21 de enero de 2011

Cuento Corto: Normal



Normal
Raúl era una persona normal, vestía faldas a la rodilla, se hacía trenzas para dormir y no usaba demasiado maquillaje. Generalmente salía con mujeres de su edad y rara vez tenía citas con hombres. Desde su infancia se había preguntado por qué los niños rechazaban sus cartas de San Valentín, o cómo era posible que su compañerito de preescolar, al que le dibujó un bonito corazón con los nombres “Raúl y Francisco” en el centro, pudiera despreciar semejante ofrenda de amor. No fue sino hasta su juventud que lo entendió, cuando, al llegar con su cita al baile de graduación, un altavoz presentó a la pareja como “Raúl y Ricardo”, lo que provocó risitas y murmullos entre los presentes.
Así pues, con el tiempo Raúl comprendió que lo inusual de su situación no le permitiría tener un novio, por lo que, tras años de burlas y rechazo, estaba a punto de tomar una de las decisiones más importantes de su vida: ese cambio que le convertiría en una completa mujer. Cuando el temor y la vergüenza quedaron a un lado, se atrevió a comentarlo con su padre. “¡Eso no es normal!”- le dijo él -“Si tu madre viviera, ¡cómo la herirías!”. Suspiró - “Pero, si eso te hará feliz, cuentas con mi apoyo”.  Raúl tomó el teléfono y programó una cita. Por fin, estaría un paso más cerca de conocer al amor de vida.
Cuando el día de la transformación llegó, acudió sin compañía. Entró a la sala de espera y se sentó junto a la puerta, para no llamar mucho la atención. Llevaba un vestido largo; aunque la abertura dejaba ver un poco de vello en su espinilla, ese día lucía impecable, incluso escultural. Tras varios minutos de ansiedad, un joven apuesto se acercó a Raúl, le dirigió una mirada coqueta y le hizo un ademán, solicitando sentarse a su lado. Entonces conversaron. Se conocieron y enamoraron casi al mismo tiempo, cada uno abochornado de que el otro descubriera su razón para estar ahí.

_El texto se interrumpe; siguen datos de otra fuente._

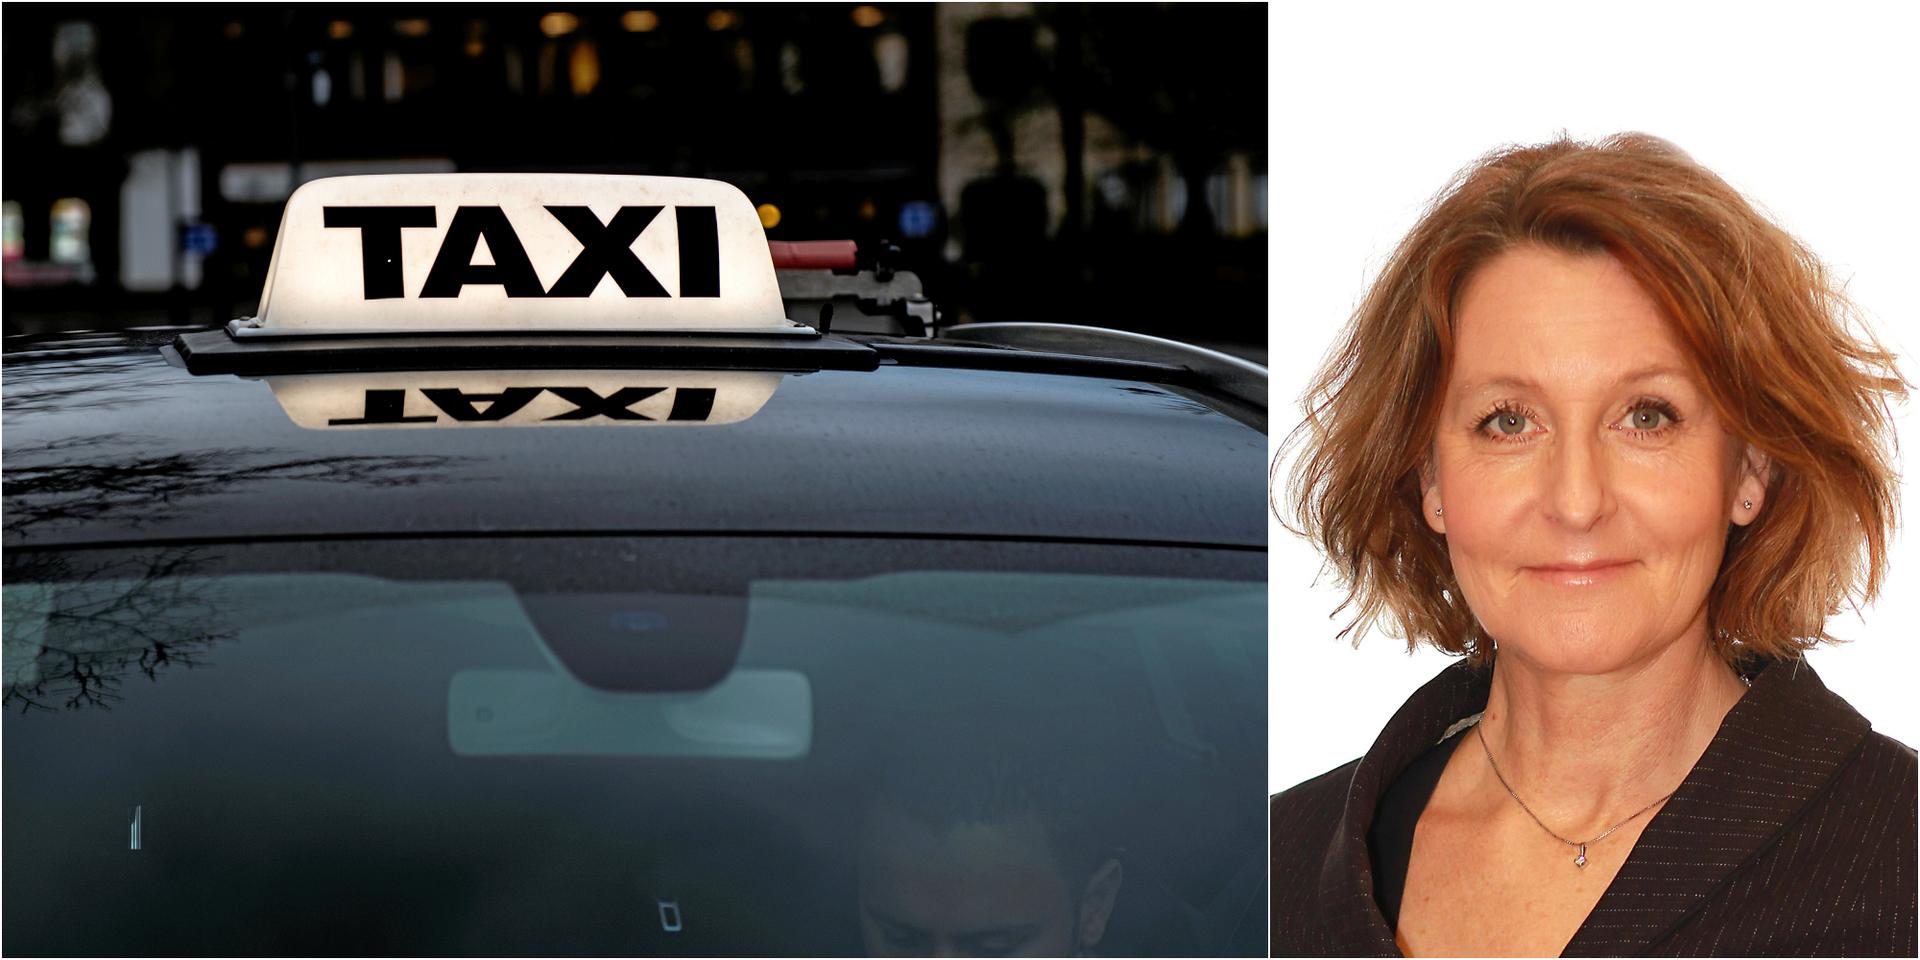 Lisa Iverstam minns en märklig taxiresa en sen 90-talsnatt.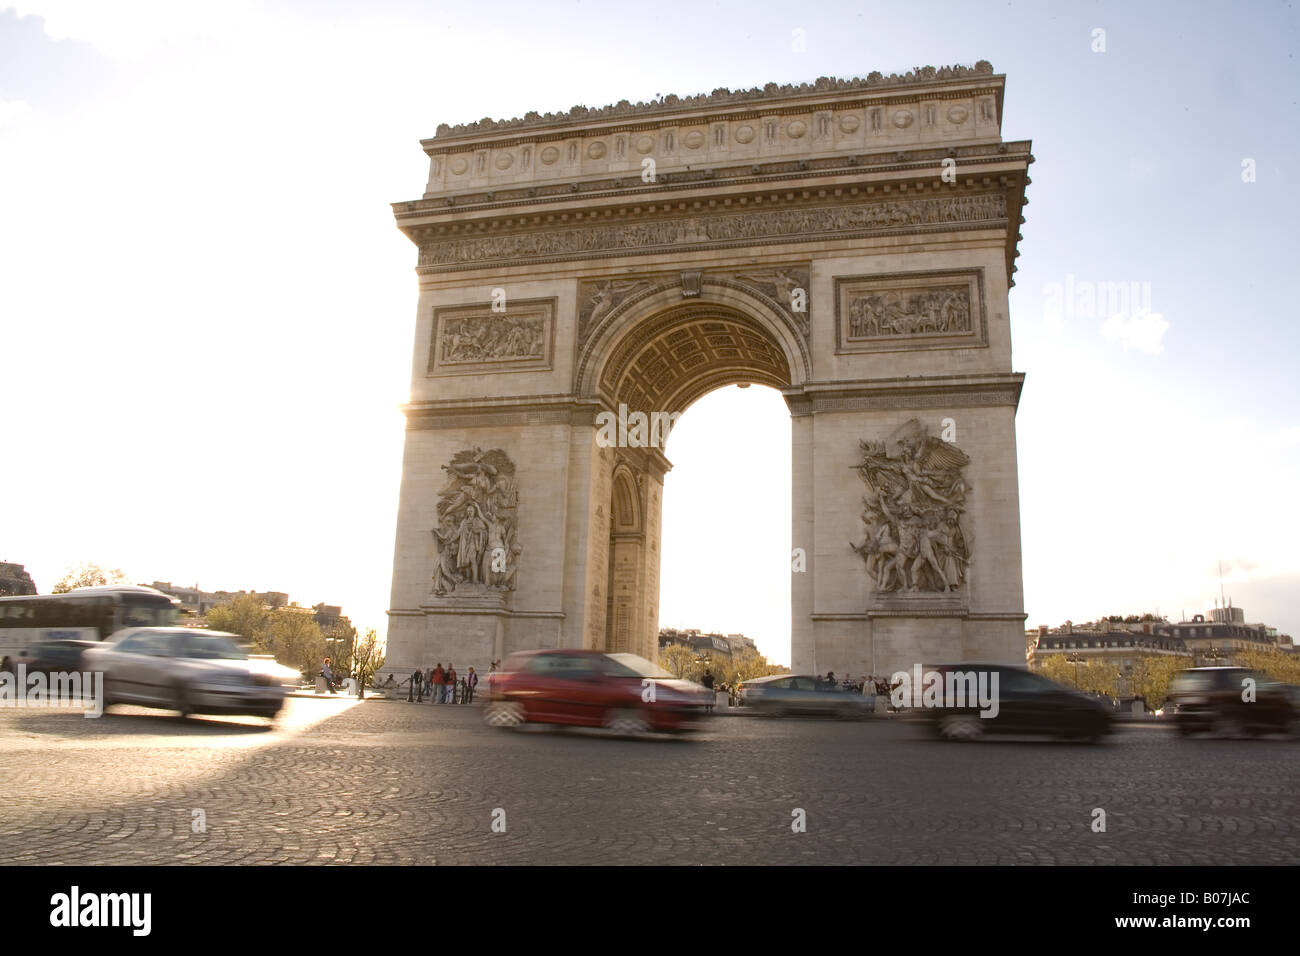 Arc de Triomphe, Champs-Elysees, Paris France. Stock Photo

Cuando la recepcionista se acercó al altavoz y pronunció su nombre, Raúl se puso de pie con agitación y, presa de un gran rubor, salió corriendo del lugar.
Había sido un encuentro maravilloso. Al pasar de los días Raúl lamentaba cada vez más su cobardía; luego de unas semanas de remordimiento, estaba a punto de perder la esperanza de volver a verlo. Se refugió en su oficina y en su trabajo, con la frágil determinación que conlleva un corazón roto. Entonces llamaron a la puerta. Al abrir, Raúl se encontró con una caravana de empleados de la florería, fueron y vinieron, dejándole docenas de flores sobre el escritorio, las repisas, las sillas, y finalmente sobre el suelo. Cuando el desfile se apaciguó, el último empleado le entregó una tarjeta de su admirador; en ella se leía “Para Raúl, ¿misma hora, mismo lugar?”, y firmaba Anónimo. Sonrió. En ese instante Raúl supo quién había enviado las flores.
Supo también por qué ambos se habían encontrado en aquel lugar. Supo que a su amado no le importaría que dibujaran sus nombres juntos, entre corazones. Y supo que ya no deseaba cambiar, pues así le querían y así pretendía pasar el resto de sus días. Tomó su bolso, llamó a un taxi y en el camino se retocó el maquillaje. Al llegar al lugar donde conoció al amor de su vida, contuvo la respiración: él estaba esperando ahí.
A Raúl le temblaban las rodillas, y ese día llevaba tacones excepcionalmente altos.
Mi madre murió al dar a luz- dijo ella cuando se encontraron- creía que yo sería varón y su última voluntad fue que llevara el nombre de Raúl.                                                                     
Suerte que mi padre amaba la poesía - contestó él, rodeándola en un abrazo –me llamó como a su poeta favorito, Anónimo.